Why you're not cited in AI search: the three failure modes a prompt re-run tells apart

A re-run of your buyer-prompt set is a diagnostic rather than a scoreboard, and its one job is to sort each result into exactly one of three mutually exclusive failure modes - Absent, Mis-described, or Out-competed - because each routes to a completely different fix, and you only trust that diagnosis once you have re-run enough to rule out run-to-run sampling noise.

Updated

Questions this guide answers

  • Why am I not cited in AI search?
  • How many times should I re-run my AI prompts before believing a change?
  • Why does my brand show up on Gemini but not ChatGPT?
  • How do you diagnose an AI citation gap?

Direct answer: a re-run answers one question

If you are not cited in AI search, the useful first move is not to write more content. It is to find out which of three things is actually broken, because each one has a different fix and they do not overlap.

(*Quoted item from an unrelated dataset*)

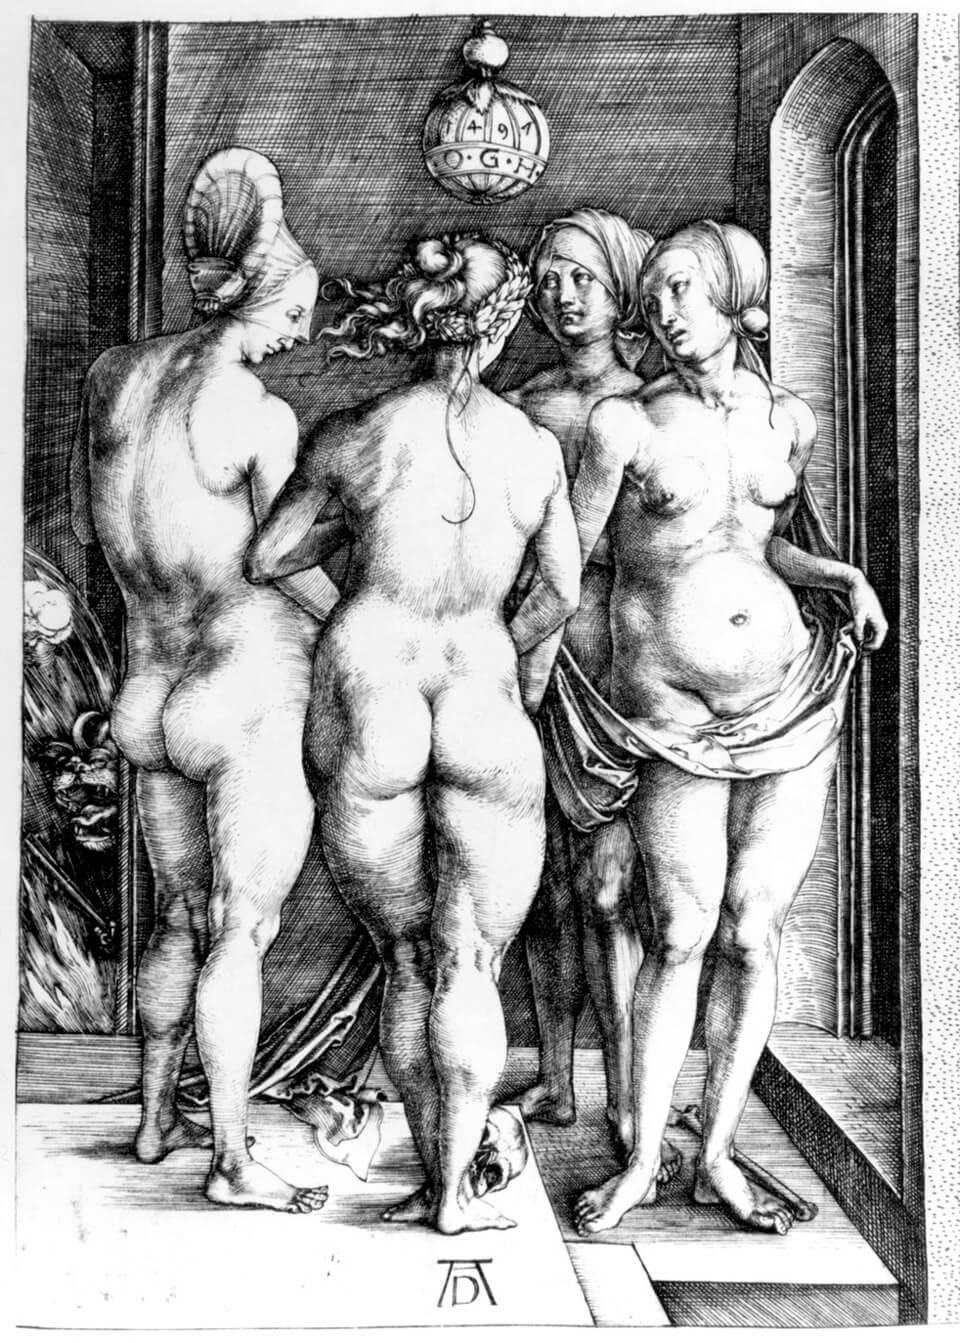 Apócrifa Art Magazine, Brujas, Cuatro brujas

A re-run of your buyer-prompt set - the same prompts, asked again across the same engines - exists to sort each result into exactly one of three mutually exclusive failure modes. Mode 1 is Absent: the answer never names you, so the problem is that no source the engine trusts corroborates you on that topic. Mode 2 is Mis-described: the answer names you but describes you flatly, with stale or thin framing, which traces back to a specific source feeding weak phrasing. Mode 3 is Out-competed: the answer names a competitor as the primary recommendation instead of you, which means they out-corroborate you in the sources that engine reads. The triage table below maps each mode to what you see in the answer, the root cause, and the lever that fixes it.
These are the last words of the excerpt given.